Eran las seis y media, en el hotel no se oía una mosca, fuera el cielo aparecía turbiamente cubierto, las cumbres se ocultaban parcialmente entre las nubes, algunos neveros aparecían aquí y allá tras la celosía de la nubes. La Val de Viola se desgajaba del valle principal y la pista, primero de asfalto, después de macadán,emprendía una suave subida a través del bosque de abetos. No tardó en ponerse a llover. Se camina bien por la mañana temprano, aun bajo la lluvia, una lluvia fina que apenas molestaba. Arriba, sobre los dos mil cuatrocientos metros, dejo el refugio a mi izquierda y me dirijo al paso de Val Viola, la frontera con Suiza. Es un lugar desolador, desnudo, sin vegetación. Al otro lado la Val de Camp se va humanizado según pierdo altura, un lago, las vacas paciendo, y no tardan en aparecer la profusión de los bosques de abetos. Mil quinientos metros de descenso por prados y bosques me dejarán junto a un caudaloso y espumoso río de aguas bravas que apenas abandonaré hasta llegar a Poschiavo. En esta parte el territorio suizo se introduce anómalamente en Italia formando una especie de raíz de muela. Atravesando el valle en dirección oeste mañana volveré a estar en Italia. Mi itinerario va a recorrer estos días el entero macizo del Bernina y del monte Disgrazia, lugares que me son conocidos y donde hice bellas escaladas con Moisés Castaño y Enrique del Pozo. 

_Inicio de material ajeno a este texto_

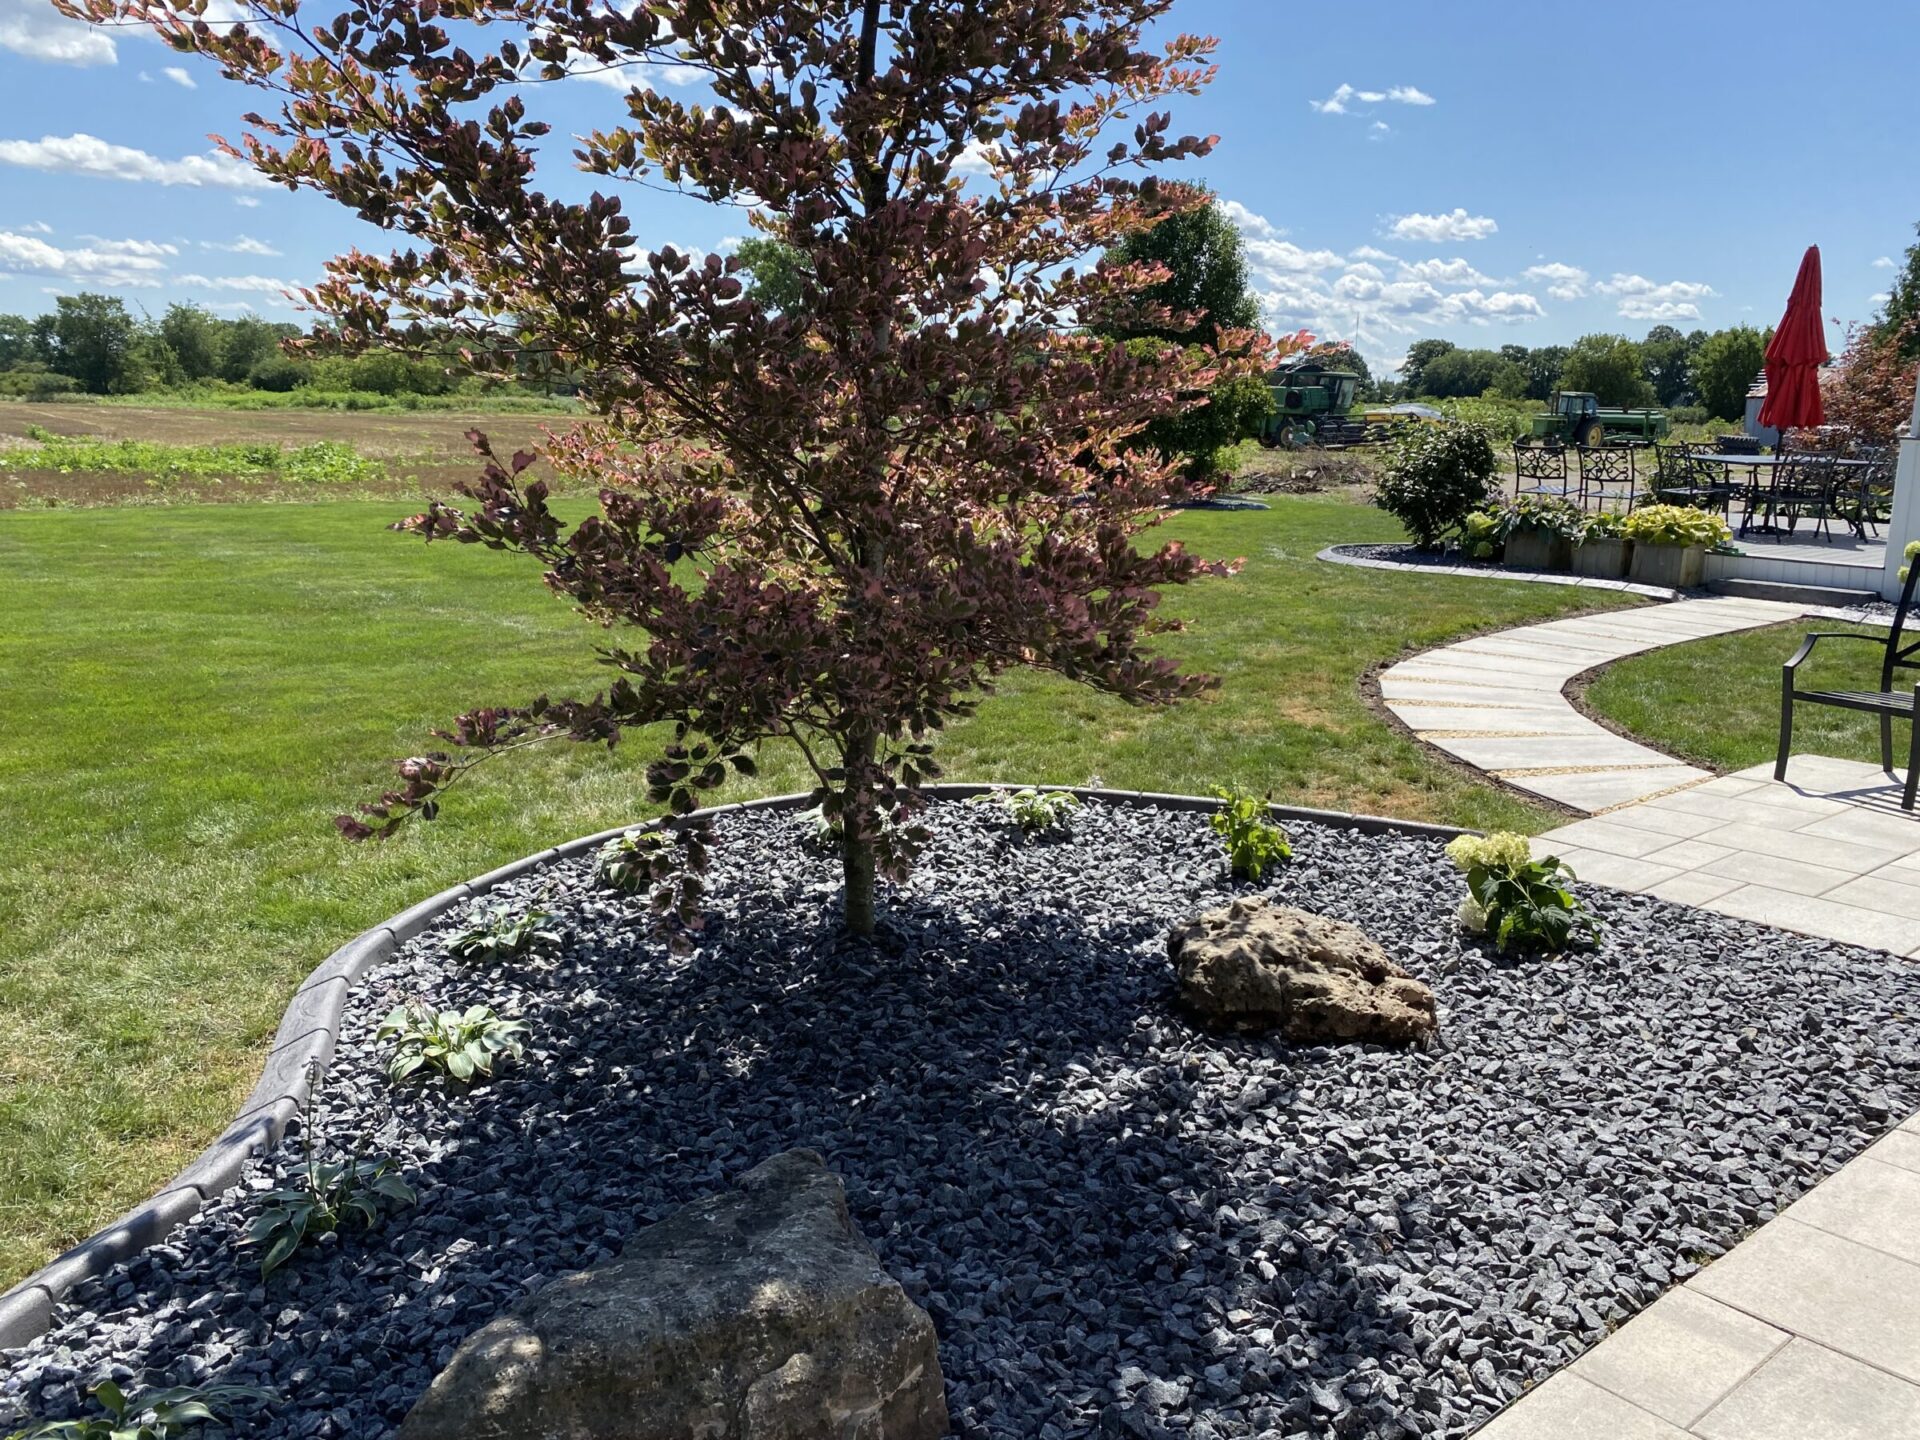 This image depicts a landscaped garden with a purple-leafed tree, black mulch, rocks, stepping stones, outdoor furniture, and a green field background under a blue sky.

Poschiavo. La primera vez que pasé por aquí fue en mil novecientos setenta, a ambos lados de la carretera se acumulaban varios metros de nieve. Las máquinas quitanieves abrían enormes pasadizos. Yo viajaba en auto-stop y aquello era muy novedoso para mí. Había abandonado un cómodo y bien remunerado trabajo en un banco de Madrid y me había venido a estudiar a un pequeño pueblo de los Alpes Lombardos al final del verano. Tres meses más tarde, con la idea de proveer fondo que me duraran hasta el otoño siguiente, un día de enero lié el petate y me dirigí a Saint Moritz con la idea de conseguir trabajo. Lo encontré en un par de horas. Permanecería allí el tiempo imprescindible para reunir los fondos que me había propuesto reunir. Era un día soleado de invierno y los alrededores de Poschiavo ofrecían el aspecto de la clásicas postales que vende el turismo suizo. 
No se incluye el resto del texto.